You can rename the downloaded and unzipped folder to snmC2Tseq_eckerlab
The the zip file contains a subfolder named luo2022_snmCATseq_10kbinned.tgz, which can be untared and the underlying files can be moved to another subfolder snmC2Tseq_eckerlab/10k_bin/binned_10kb_all/.
NOTES:
“unmeth” does not correspond to a proper column, it is the total number of reads per bin. You can check this by observing that the ratio of meth/unmeth maxes out at 0.5.
If the download command below fails, you may download the data directly from the figshare link above.
[ ]:
%%bash
# Download and unzip the pre-processed snmCAT-seq 10kb binned data
wget 26372467.zip https://figshare.com/ndownloader/files/26372467
gunzip 26372467.zip
mv 26372467 snmC2Tseq_eckerlab
tar -xvzf luo2022_snmCATseq_10kbinned.tgz
[1]:
import os, tqdm, math
import pandas as pd
import numpy as np
from joblib import Parallel, delayed
import matplotlib.pyplot as plt
data_type = 'HCGN'
1. 10k bin processing#
We have pre-processed the data to create a 10k-binned dataset. Here we import the single-sample sets and aggregate them into one dataset.
Filter by bin coverage#
We use sequencing depth as a first filter to select the bins we will keep for later analysis.
[3]:
def format_one_sample_depth(f, output_type='GCYN'):
# output_type: GCYN or HCGN
df = pd.read_csv(f, sep='\t').set_index('ctxt')
df = df.loc[output_type].set_index('binID')
df = df['unmeth']
df = df.loc[[e for e in df.index if type(e) is str]]
return ((output_type, f), df)
[ ]:
bin_dir = 'snmC2Tseq_eckerlab/binned_10kb_all/'
bin_depth_df = Parallel(n_jobs=32, verbose=0)(
delayed(format_one_sample_depth)(
os.path.join(bin_dir, f),
output_type=data_type
) for f in tqdm.tqdm(os.listdir(bin_dir))
)
bin_depth_df = pd.concat(dict(bin_depth_df), axis=1)
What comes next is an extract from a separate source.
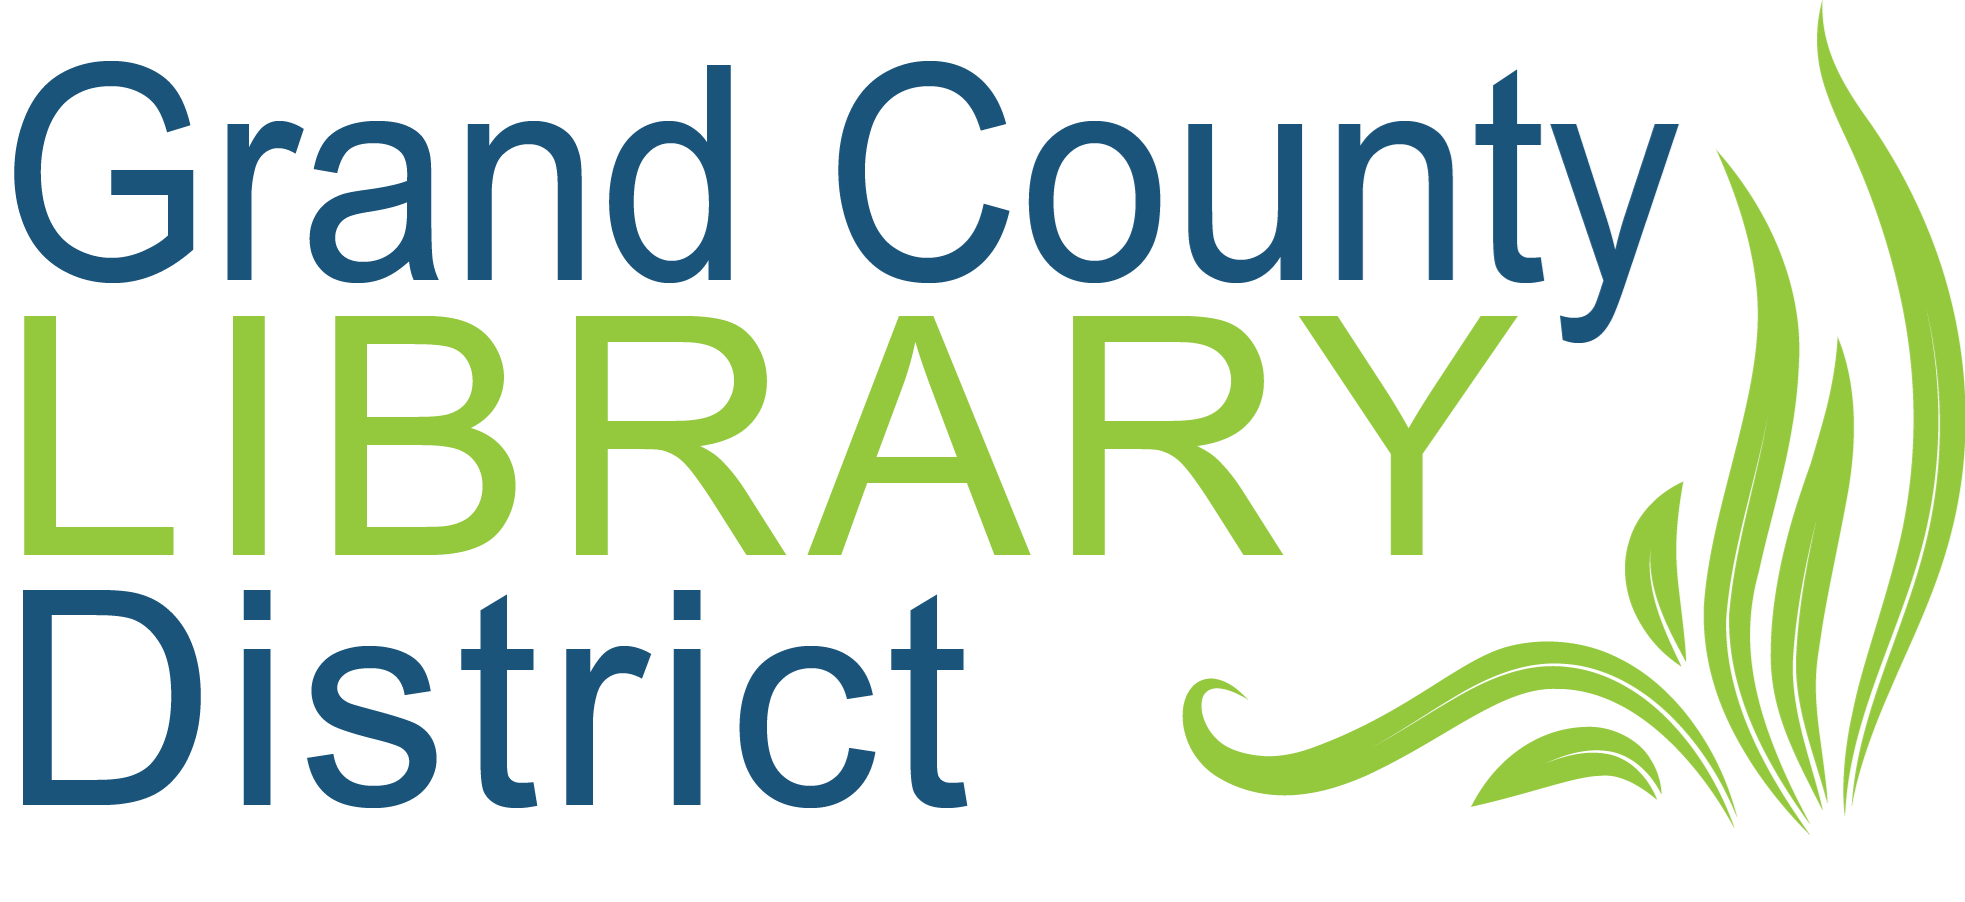 Grand County Library District

bin_depth_df = bin_depth_df.loc[
[e for e in bin_depth_df.index if type(e) is str or not math.isnan(e)]
]
100%|███████████████████████████████████████████████████████████████████████████████| 2107/2107 [04:01<00:00, 8.73it/s]
[ ]:
bin_depth_ranking_df = bin_depth_df.median(axis=1).sort_values()
plt.plot(bin_depth_ranking_df.values)
plt.axhline(bin_depth_ranking_df.tail(10000).values[0], linewidth=3, color='black')
plt.ylabel('Mean depth per bin', fontsize=15)
plt.xlabel('Bins', fontsize=15)
plt.yscale('log')
relevant_bins = bin_depth_ranking_df.tail(10000).index
relevant_bins = np.array(relevant_bins).astype(str)
relevant_bins = relevant_bins[relevant_bins != 'nan']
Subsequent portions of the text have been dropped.